Tens of thousands (if not more) of China’s online censors regularly delete or ban searches of words considered sensitive, such as “jasmine” during the North African and Middle Eastern protests or the name of contemporary artist Ai Weiwei who was detained last month after failing to curb his frank assessment of China’s political strictures. Personal emails aren’t personal at all; Chinese have gone to jail for expressing in their private online correspondence what in many countries would be considered mild, even innocuous, anti-government sentiment. Foreign journalists living in China have had their emails accounts hacked.Although China now boasts the world’s largest number of online citizens, its Internet operates in a parallel world. Because Twitter and Facebook are banned in China—presumably to halt the kind of untoward, online-organized protests that have infected North Africa and the Middle East—local clones of these sites have proliferated. The same day that Beijing’s new Internet-monitoring agency was announced, Renren, China’s more pliant version of social-networking company Facebook, held its initial public offering.

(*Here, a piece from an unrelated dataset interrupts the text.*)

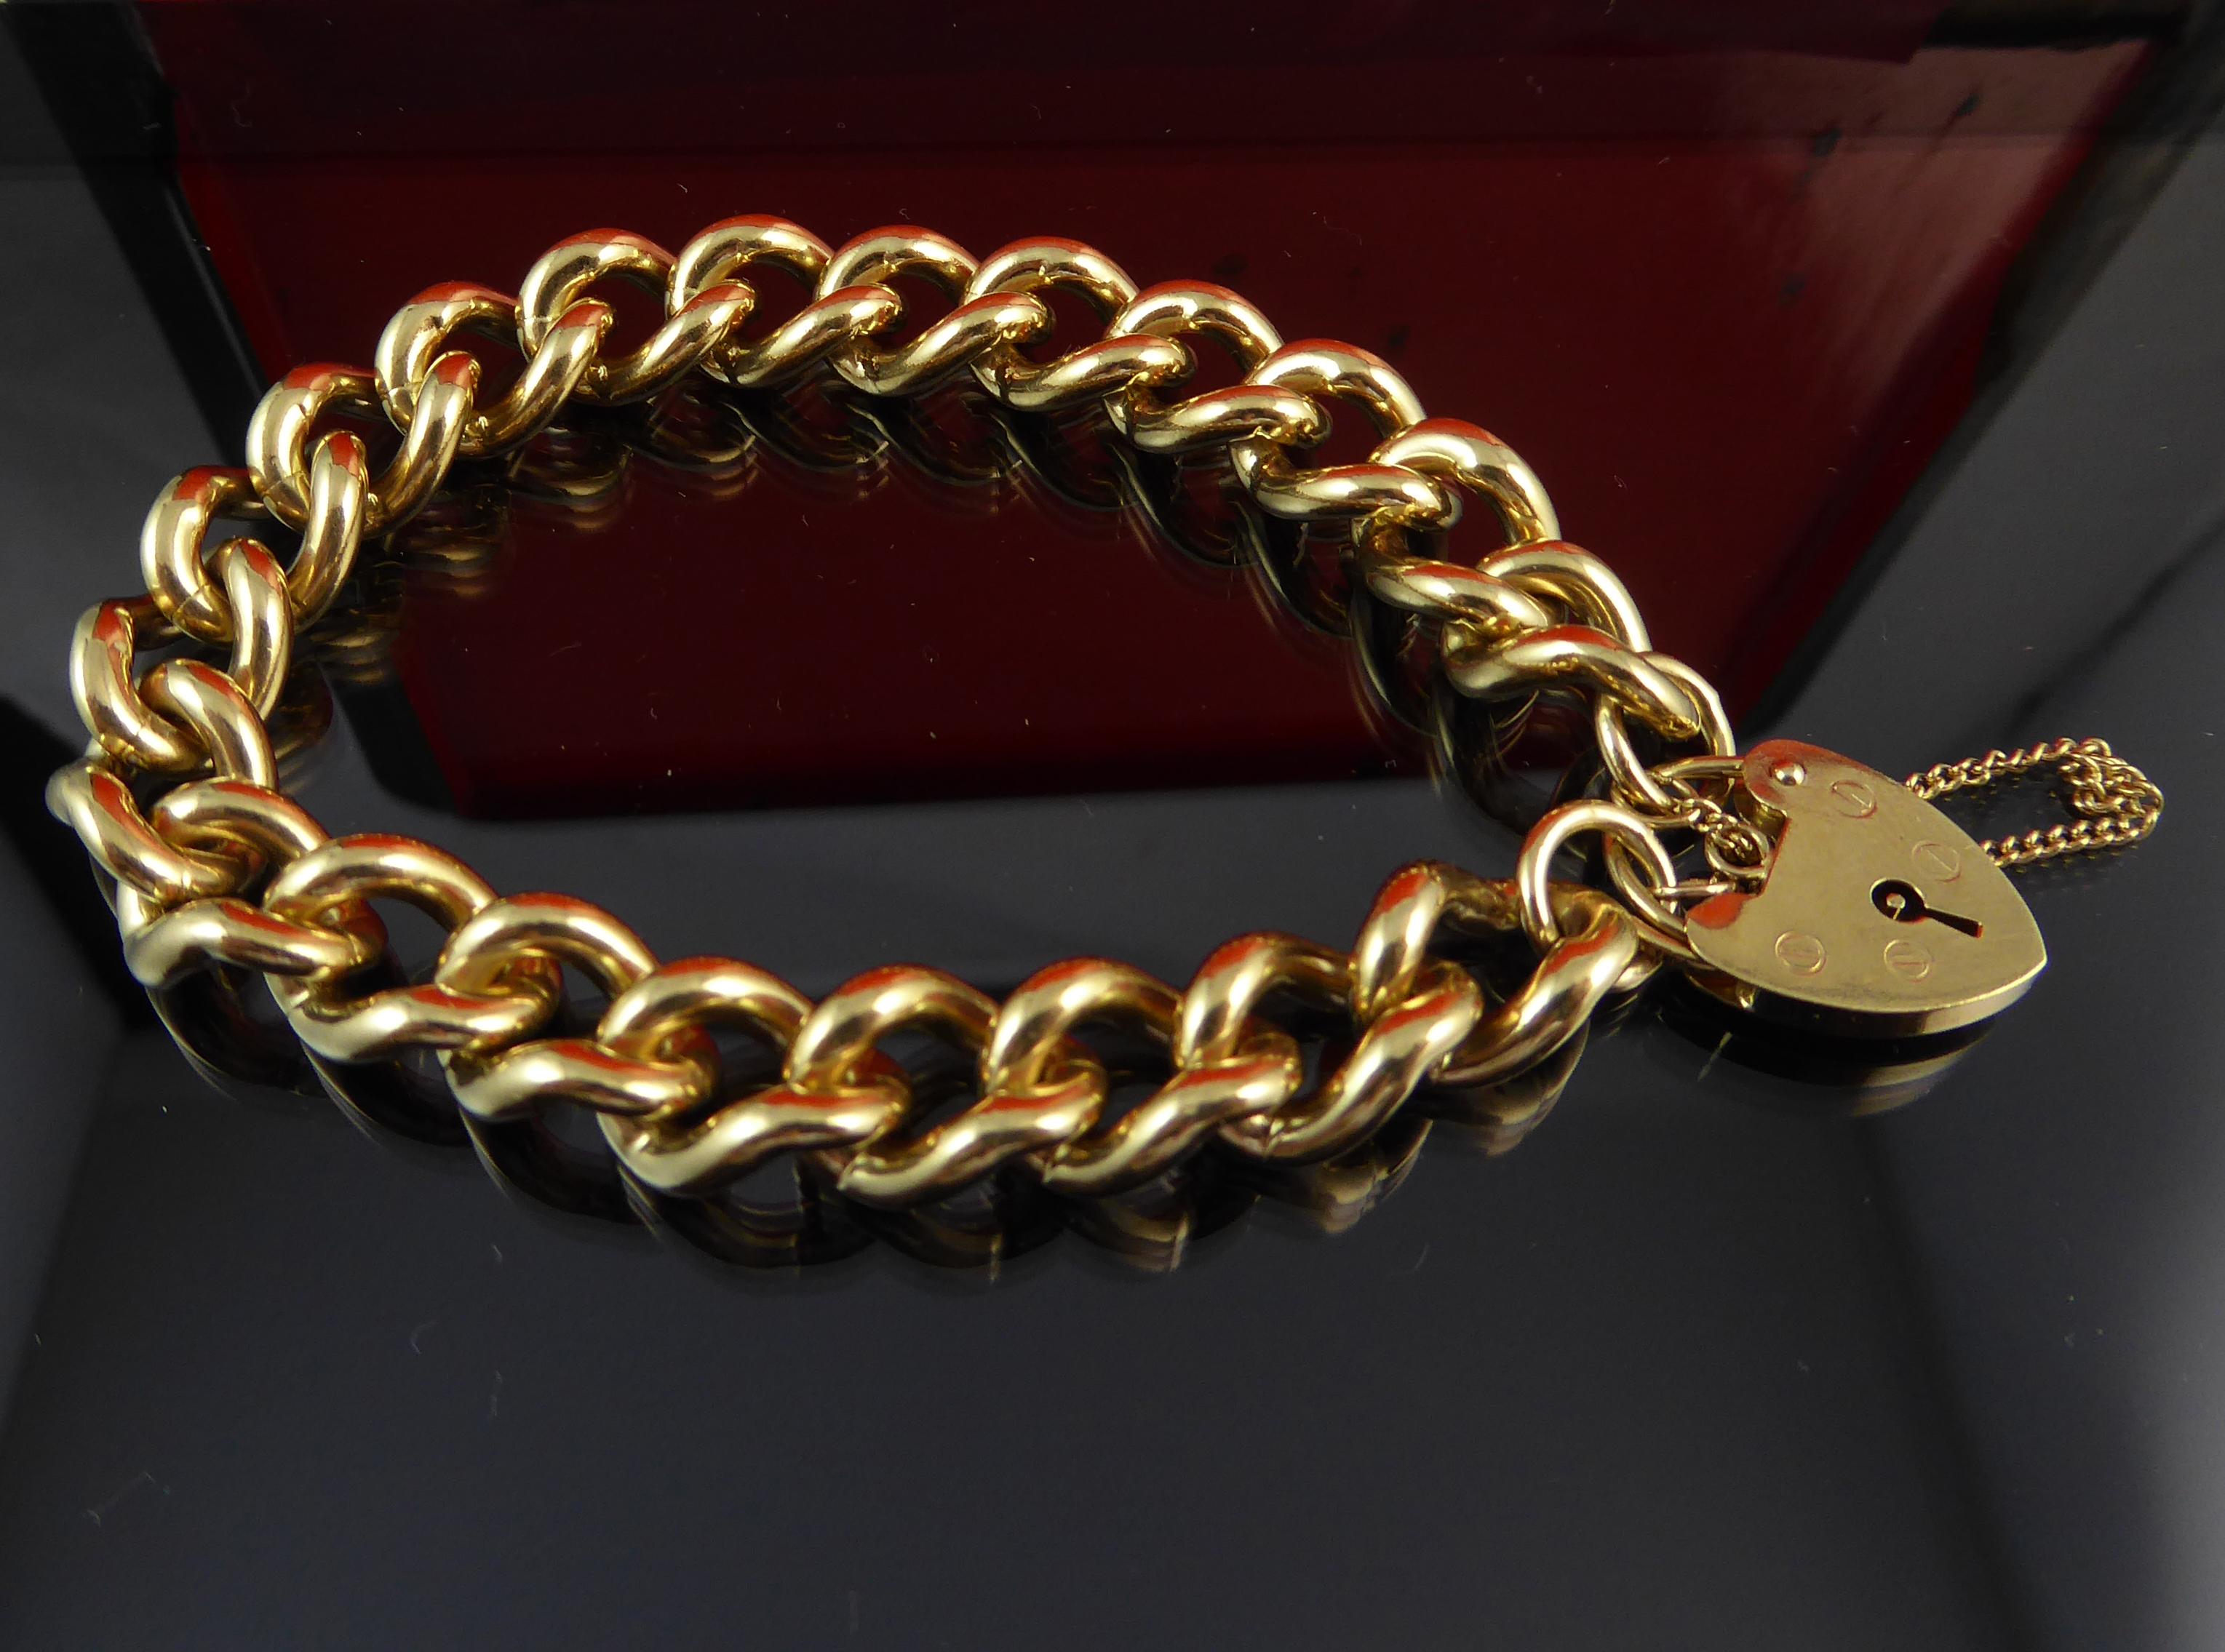 Woman's or Men's Vintage Gold Curb Link Bracelet, Padlock Closure, Yellow Gold 5

After one day of trading, the company had amassed a cool $743 million, raising its valuation to 72 times last year’s sales. (By contrast, Facebook managed a mere 25 times, though it is—and was—a far bigger company.)

But Renren’s successful IPO notwithstanding, the company faces the same problems shared by other Chinese tech firms: murky company data, intellectual-property concerns and a tight government leash on content. And now there’s even a new agency charged with censoring companies just like Renren. We’ll have to see what this year’s May 4 movement brings to China’s virtual world.